What a Wonderful World

Today Alexander started band camp. Those kids work so hard, giving up a large portion of their summer break. It makes me proud. There was a day, in doubt and fear, that I worried he would not grow up. Today, as I watched him walking away from me, his back so straight, shoulders slightly hunched at teenage boys do, fiery curls over his ears and in soft flame along the nape of his neck, a sweetness drew from my heart and I found myself whispering searing white thanks for gift of him. In this moment he is blissfully unconscious of the danger he faced, not thinking about that, not remembering the pain or the fear. The medications he takes every morning and shots he gives himself every night are far from his mind. He is starting his senior year. There is music to play and grades to achieve, money to be earned and money to spend, a future to contemplate and plans to make. Nobody has time for sickness. Between himself and his late oldest brother, he has never known a world without shots, pills, tests, doctors and hospitals. This is his normal and we give thanks for it; every single bit of it. He is straight and strong and pointed directly forward, his warrior's heart taking absolutely for granted that he is triumphant and will continue to be so. The victor writes the history. In this moment, all is well with my soul. The heart of a boy, the emerging shadow of a man walks away from me on a summer day into a bright and promising beginning. Thank God. Thank God.

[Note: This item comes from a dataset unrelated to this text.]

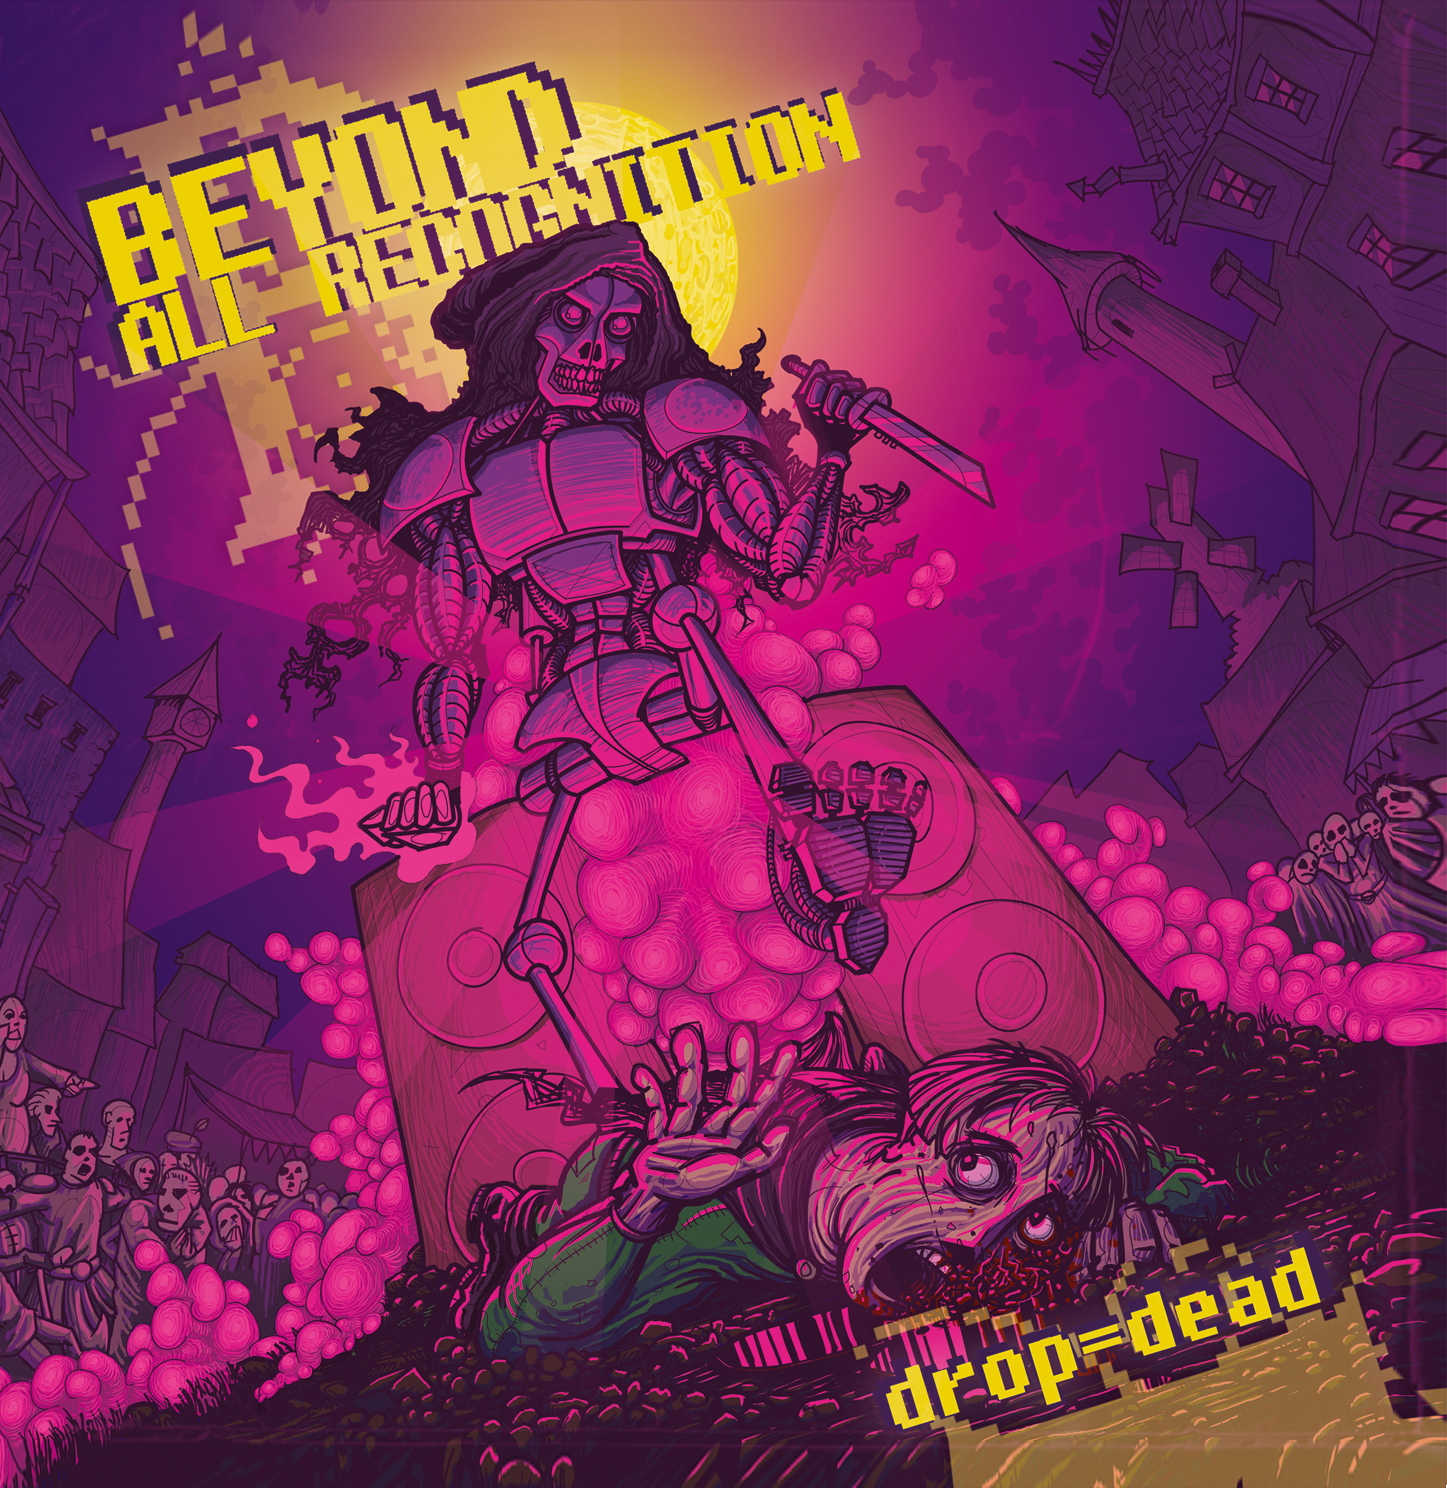 Beyond All Recognition DROP=DEAD (2012)

I am in the first of four days off today. There is school work and house work to do, a husband who loves me fiercely and a home we cherish together. The world beyond us is a chaotic place over which we have little control and life has taught us that it will seep in and around the barriers we erect to protect this sanctuary we have built, requiring effort in defense of it. It is a good marriage, 13 years of romantic, passionate love on most days and furious, stubborn loyalty when the fickleness of romance frays at the edges. We are the Fellowship of the Ring, Dances with Wolves, Les Miserables....stories which in the writing and the telling spur me to depths of emotion that strike me as sacred. The most compelling stories in my heart are those painted with the human experience, those that aren't neat or tidy or wrapped up in pretty bows at the end, those pure in the telling and untainted by polish, unglazed, not taken by bitterness, sarcasm or scathing, distancing wit. I seek out and savor the stories that do not erase the tragedies and sorrows, but instead give each struggle its due, exposing the vulnerability, the precariousness of the normality on which we base our lives and the blissful assumption so many live beneath that all will continue to be well, with then the ultimate surrender to the sacredness of inner strength when that gossamer veil is torn away. Those are the stories that touch the core of my heart. On days like today, I see that in the story of my life and I am softened and quieted inside.

I love the human spirit. Perhaps that is the root of my calling in being a nurse. It is the one job I can think of in which I see it every single day; not the prettified version of truth, but the awful and bloody, the painful and torn, the iron exposed, the transformational growth. I see it in my sons. My mother. My husband. Myself. I see it in the world all around me. What a wonderful world.